# Looks like CBSHD East moved to Rainbow 1



## JohnH (Apr 22, 2002)

And ESPN2 HD was added to EchoStar 3. Of course, ESPN2 HD is not available at this time.

Thought these 2 needed a special notice.


----------



## Mikey (Oct 26, 2004)

Thanks John. That ESPN2 addition to 61.5 was widely anticipated.


----------



## KingLoop (Mar 3, 2005)

JohnH said:


> And ESPN2 HD was added to EchoStar 3. Of course, ESPN2 HD is not available at this time.
> 
> Thought these 2 needed a special notice.


ESPN2 is good news, CBS has been at the 61.5 for a while though. (Unless you mean they moved it to a new transponder.)


----------



## JohnH (Apr 22, 2002)

KingLoop said:


> ESPN2 is good news, CBS has been at the 61.5 for a while though. (Unless you mean they moved it to a new transponder.)


Yes, it has been at 61.5 so long Rainbow 1 did not exist when it began, so one might say it moved to a new transponder since it moved to Rainbow 1 from EchoStar 3 and no transponders moved between birds.


----------



## jeslevine (Jul 21, 2002)

I am still getting cbs HD east on 61.5

they are probably going to mirror the HD between 61.5 and 129


----------



## RickD (Apr 23, 2002)

That's just great...We in the Virgin Islands cannot get Rainbow1. CBSHD was about the only HD channel I watch. Not anymore I guess.


----------



## James Long (Apr 17, 2003)

RickD said:


> That's just great...We in the Virgin Islands cannot get Rainbow1. CBSHD was about the only HD channel I watch. Not anymore I guess.


Have you actually lost it? Technically any of Voom's former transponders could be covered by R3 ... just because a signal is on TP1-23 odd doesn't guarantee that it is on R1. (Although I agree that it would be unlikely to use E3 for a transponder R1 could cover.)

If you have actually lost CBSHD it would be confirmation of the move to R1.

JL


----------



## technoguy (Sep 11, 2005)

RickD said:


> That's just great...We in the Virgin Islands cannot get Rainbow1. CBSHD was about the only HD channel I watch. Not anymore I guess.

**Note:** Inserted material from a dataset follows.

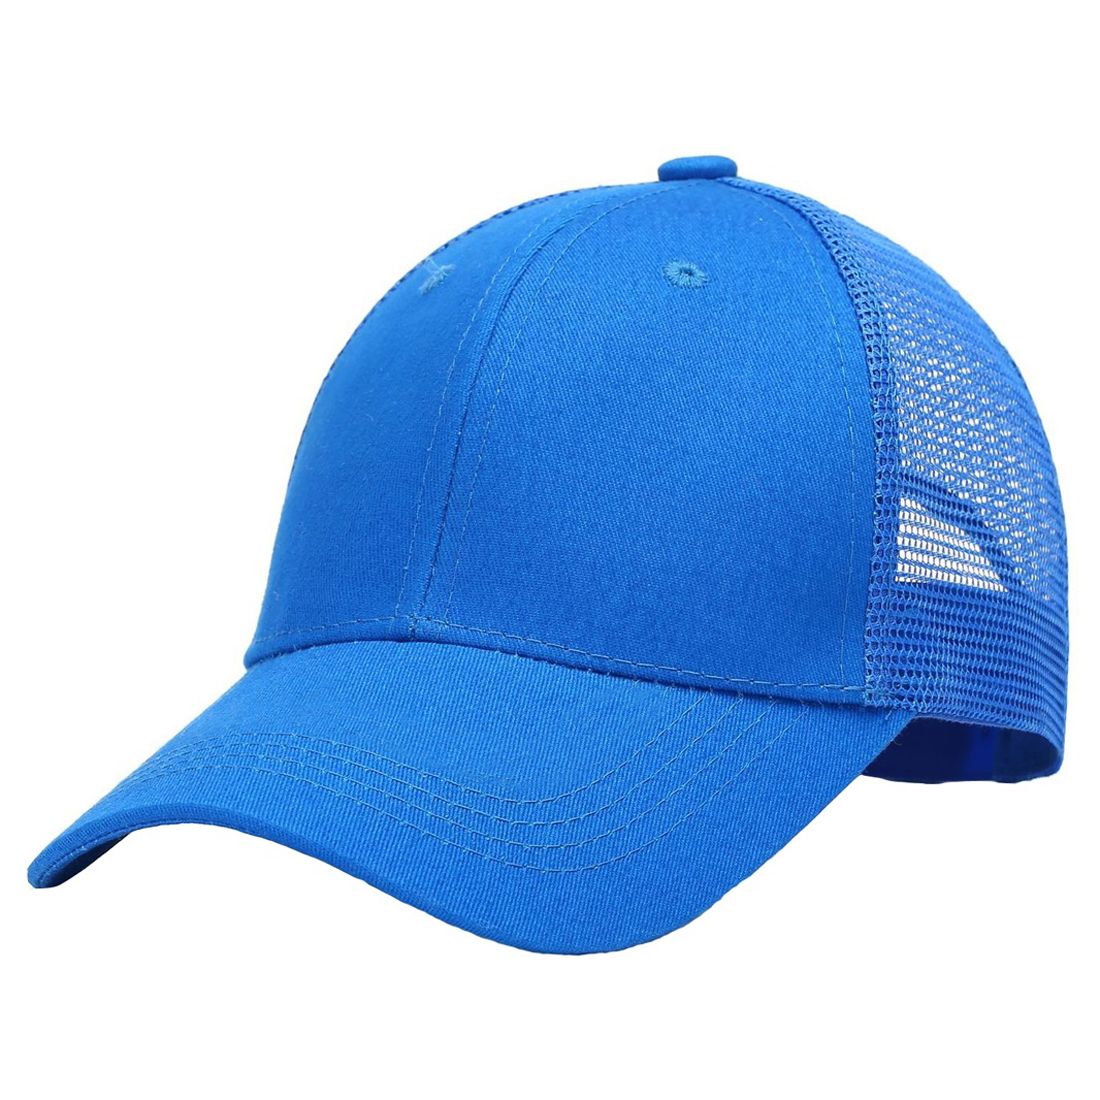 Gorra estructurada personalizada con espalda de malla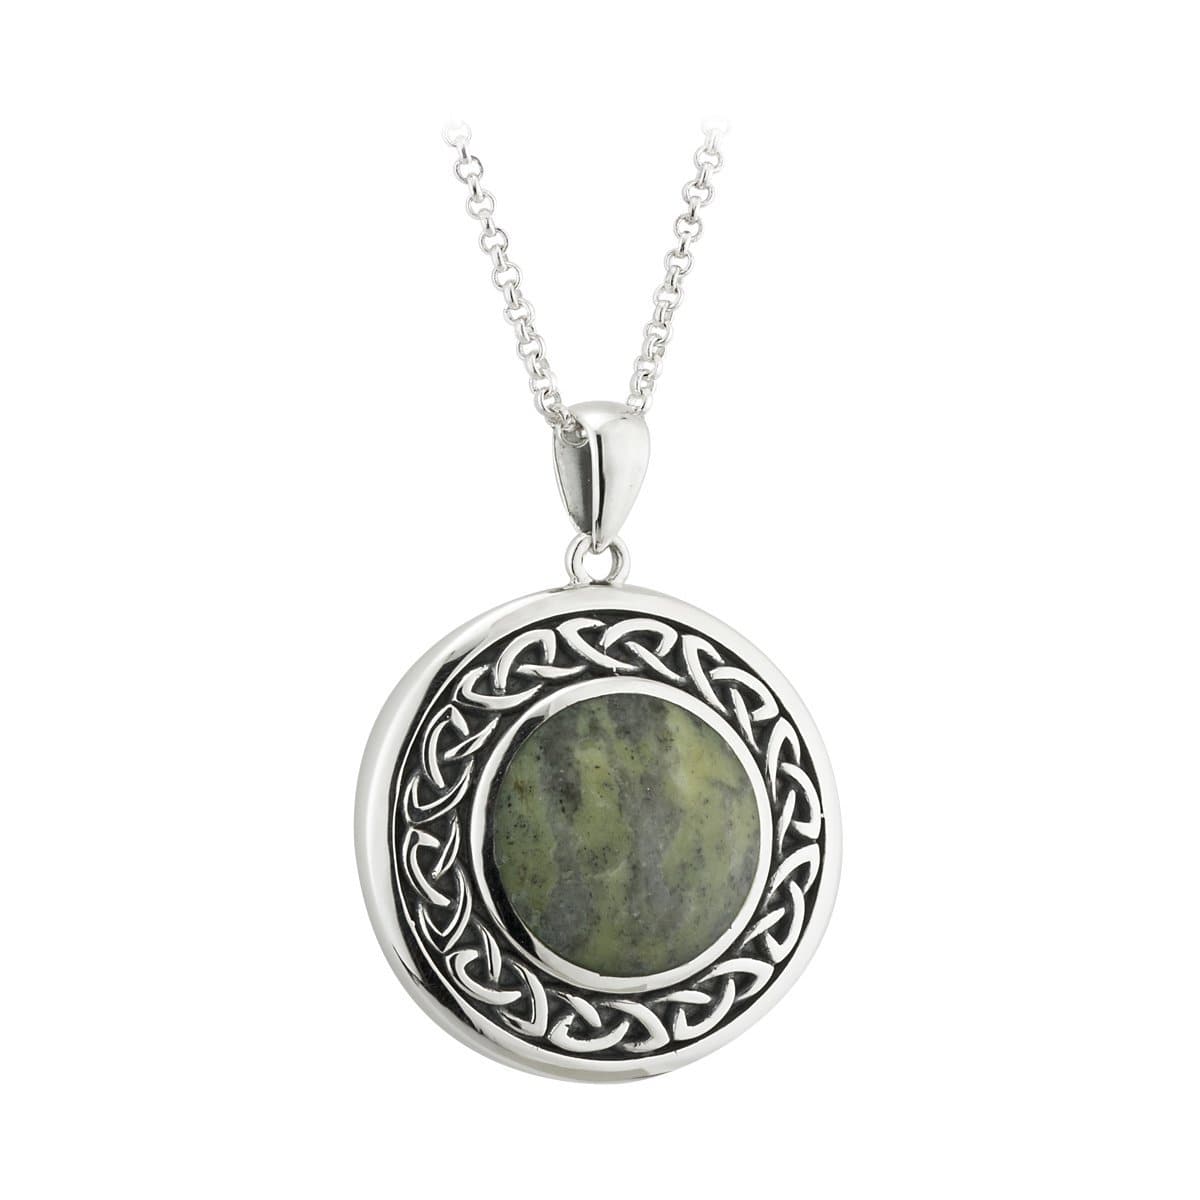 Connemara Marble Necklace 7/8" round - Ireland's Gemstone Gift on 18 Chain

You can still watch CBS HD .They only move from tp2 to tp17 and I am watching it right now without any problems and I just 50 miles N/W from you,so you should'nt
have problem to whatch it either.


----------



## RickD (Apr 23, 2002)

Nope....Transponder 17 must be on Rainbow1. I made an attempt some time ago swinging one of my 6' dishes around to 61.5 with no luck on Rainbow1.


----------



## technoguy (Sep 11, 2005)

RickD said:


> Nope....Transponder 17 must be on Rainbow1. I made an attempt some time ago swinging one of my 6' dishes around to 61.5 with no luck on Rainbow1.


That's wierd


----------



## RickD (Apr 23, 2002)

Yea...That's what I thought when I heard PR was having some luck with 6 footers...Several friends of mine also attempted with no luck also.


----------



## James Long (Apr 17, 2003)

technoguy said:


> You can still watch CBS HD .They only move from tp2 to tp17 and I am watching it right now without any problems and I just 50 miles N/W from you,so you should'nt
> have problem to whatch it either.


What signal strength do you each have on TP17? 50 miles isn't far, but it may be far enough.

JL


----------



## technoguy (Sep 11, 2005)

RickD said:


> Yea...That's what I thought when I heard PR was having some luck with 6 footers...Several friends of mine also attempted with no luck also.


Actually I got 61.5 with a 4' on the begining just for CBS HD then I got VOOM and did just few minor adjusment.


----------



## technoguy (Sep 11, 2005)

James Long said:


> What signal strength do you each have on TP17? 50 miles isn't far, but it may be far enough.
> 
> JL


67


----------



## hokieengineer (Jul 31, 2004)

When they "moved" cbs-e hd to tp 17, they just put the channel info on that tp and used the same video stream as they were testing with the 4 NYC HD locals. Which makes sense, why have two copies of cbs-e on 61.5 conus?


----------



## bk63ross (Nov 10, 2004)

Hey John I could not find any info on when ESPN2 HD was put on Echo 3. In fact I didn't see it on the Lyngsat site either. How recent was this move? Does that really mean no need for the 129 sat since the 61.5 will mirror all of the 129 HD?


----------



## James Long (Apr 17, 2003)

IIRC: It got there yesterday ... see the Uplink thread.

JL


----------



## TNGTony (Mar 23, 2002)

bk63ross said:


> Hey John I could not find any info on when ESPN2 HD was put on Echo 3. In fact I didn't see it on the Lyngsat site either. How recent was this move? Does that really mean no need for the 129 sat since the 61.5 will mirror all of the 129 HD?


ESPN 2 was uplinked to E*3 (at least the name anyway) yesterday (Thursday)

The uplink threads here are the best source for changes. But keep an eye on www.dishchannelchart.com (http://ekb.dbstalk.com/dishlist.htm) and http://ekb.dbstalk.com/247

See ya
Tony


----------



## JohnH (Apr 22, 2002)

bk63ross said:


> Hey John I could not find any info on when ESPN2 HD was put on Echo 3. In fact I didn't see it on the Lyngsat site either. How recent was this move? Does that really mean no need for the 129 sat since the 61.5 will mirror all of the 129 HD?


I would not say all of the 129 HD. 129 may have western nets that do not make it to 61.5.


----------



## trido (Nov 7, 2004)

JohnH said:


> And ESPN2 HD was added to EchoStar 3. Of course, ESPN2 HD is not available at this time.
> 
> Thought these 2 needed a special notice.


But did you see ESPN 2 Listed as MPEG 4.

http://www.dishchannelchart.com/

Trido

Bunch of us next month will want 411....


----------



## hokieengineer (Jul 31, 2004)

trido said:


> But did you see ESPN 2 Listed as MPEG 4.
> 
> http://www.dishchannelchart.com/
> 
> ...


Not sure why Tony listed them as mpeg4.. They are transmitting in mpeg2...


----------



## JohnH (Apr 22, 2002)

Until the channels are actually available, no one knows what they will be.


----------



## TNGTony (Mar 23, 2002)

The info I have shows ESPN2 as MPEG-4. That is why I listed it that way. As John says, no one knows what the final status will be. But as of late last night, this was the info I got.

See ya
Tony


----------